Source material:
|---|
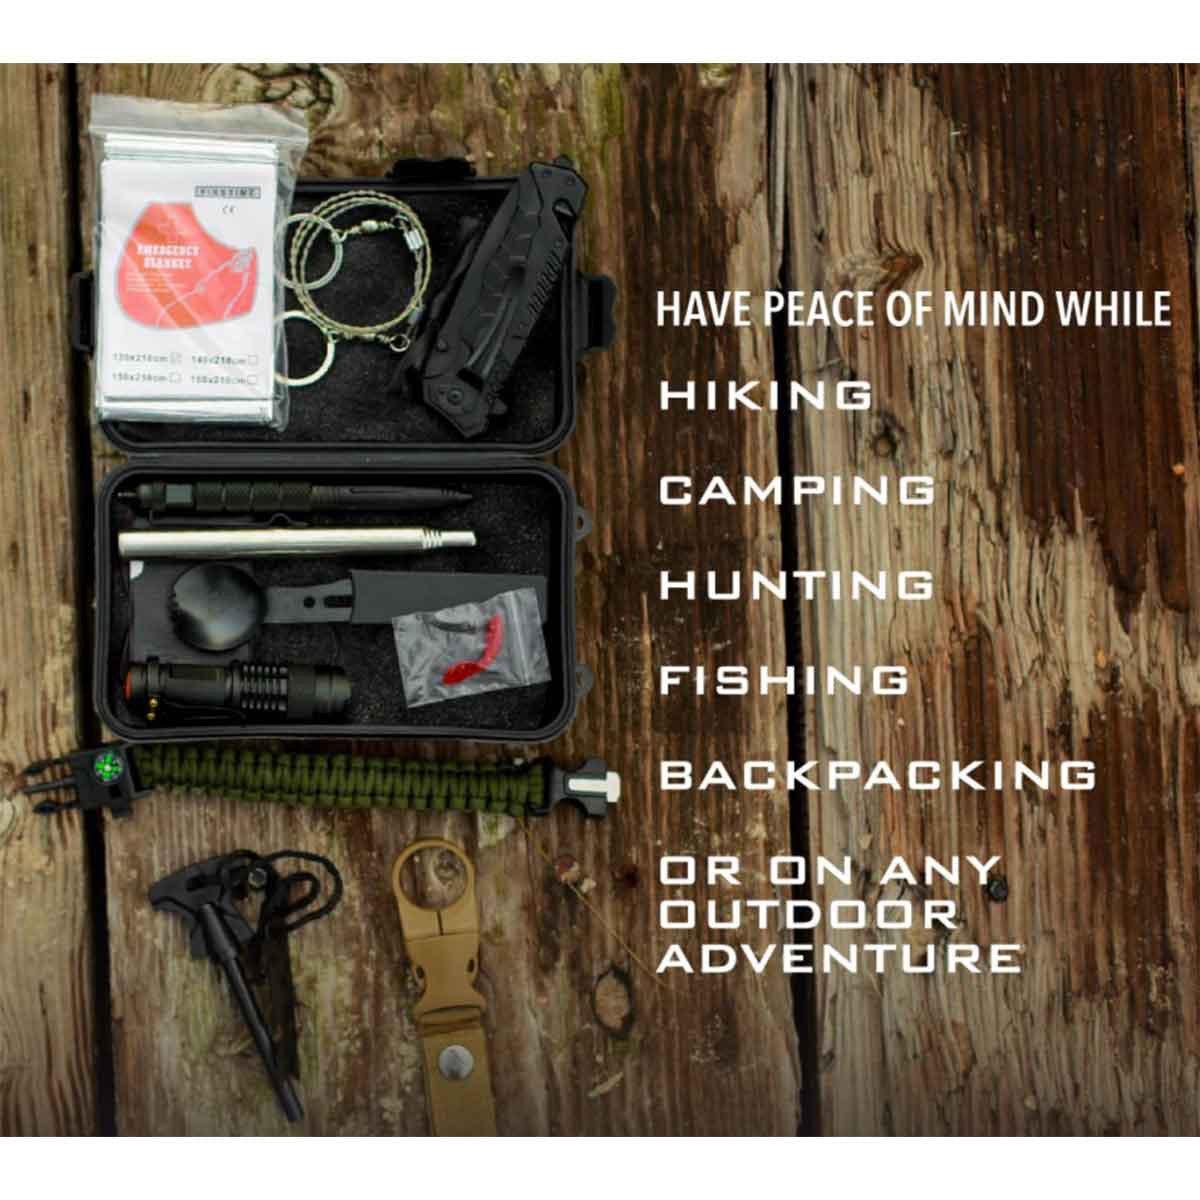 Clutch Outdoors 14-In-1 Emergency Survival Kit
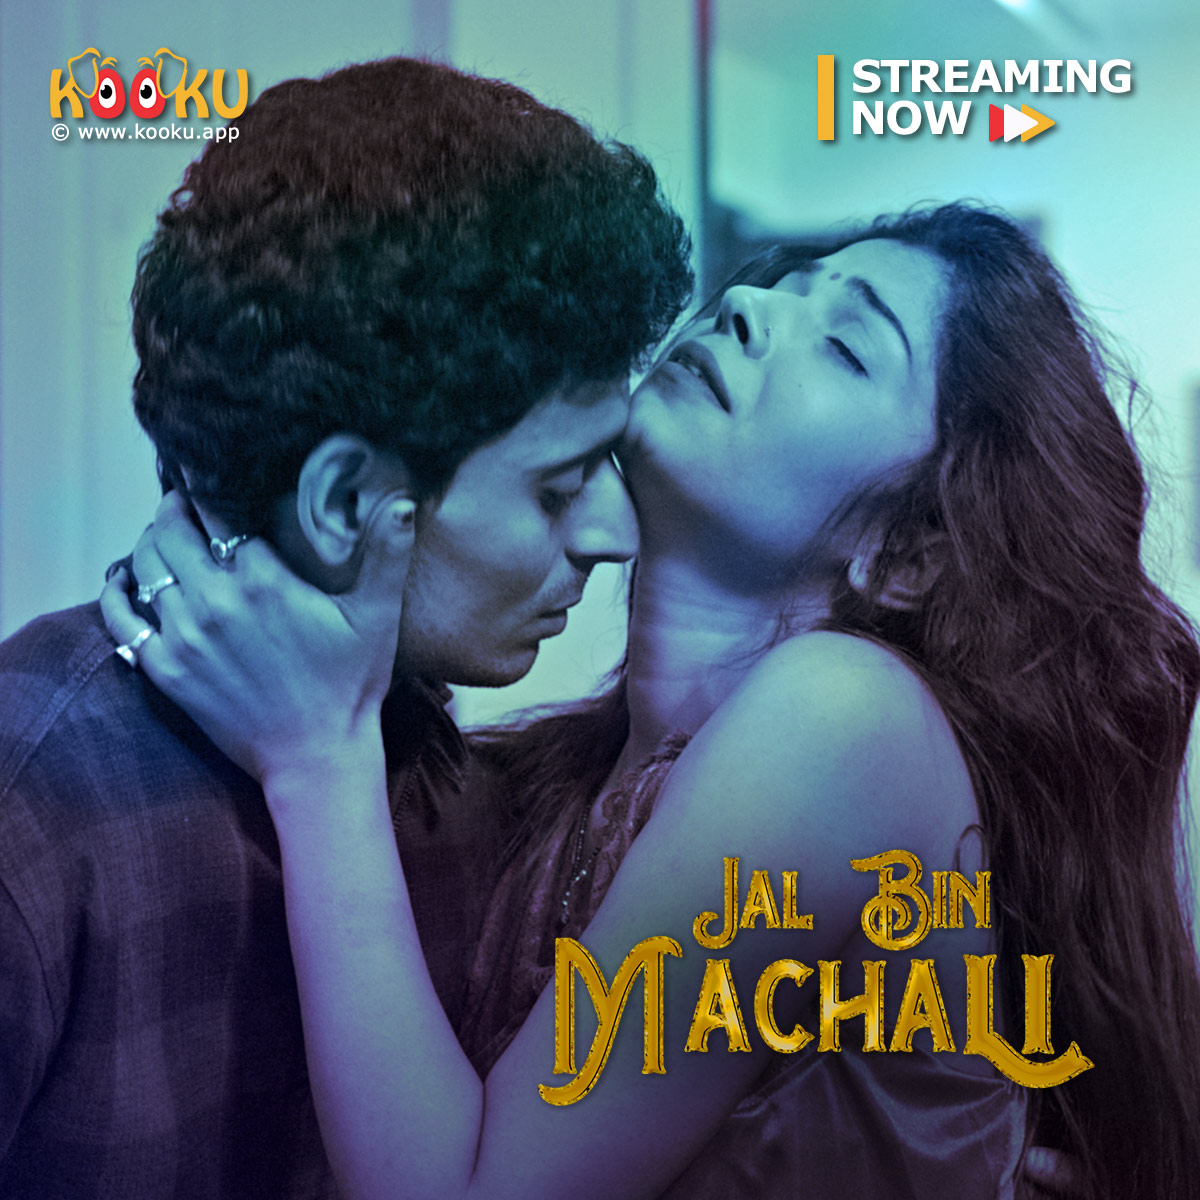 Jal Bin Machali 2020 Hindi S01E01 Kokku Original Web Series 1080p HDRip 200MB Download
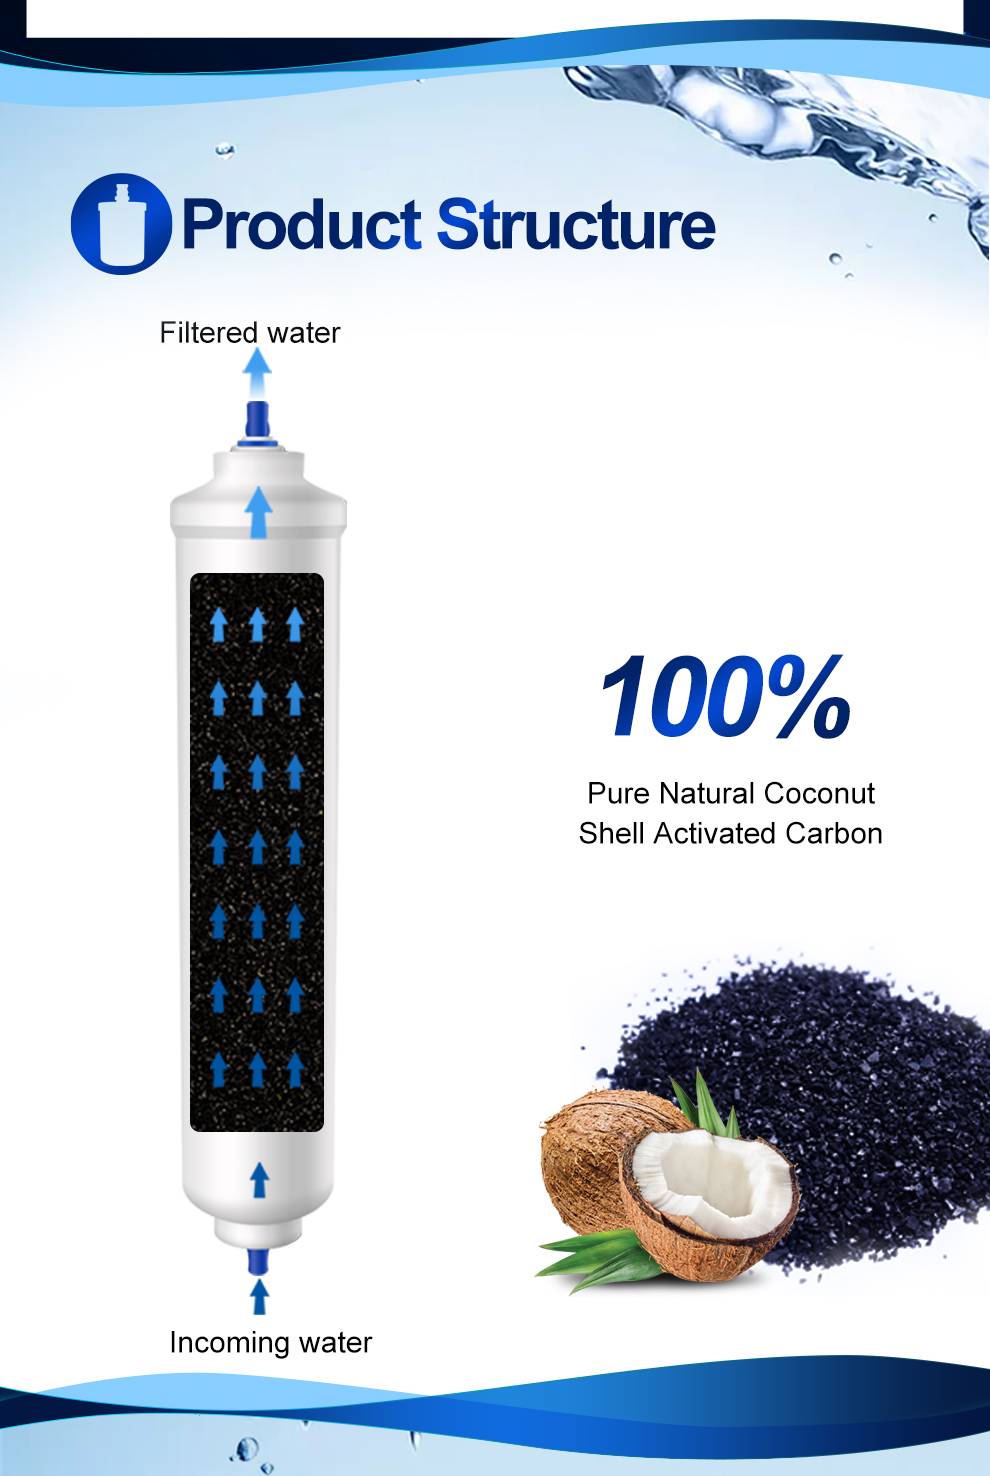 Samsung Refrigerator Water Filter DA29-10105J
|---|
Your instructions: Omit all images when repeating the data above exactly.

Exercise solution:
 Clutch Outdoors 14-In-1 Emergency Survival Kit
 Jal Bin Machali 2020 Hindi S01E01 Kokku Original Web Series 1080p HDRip 200MB Download
 Samsung Refrigerator Water Filter DA29-10105J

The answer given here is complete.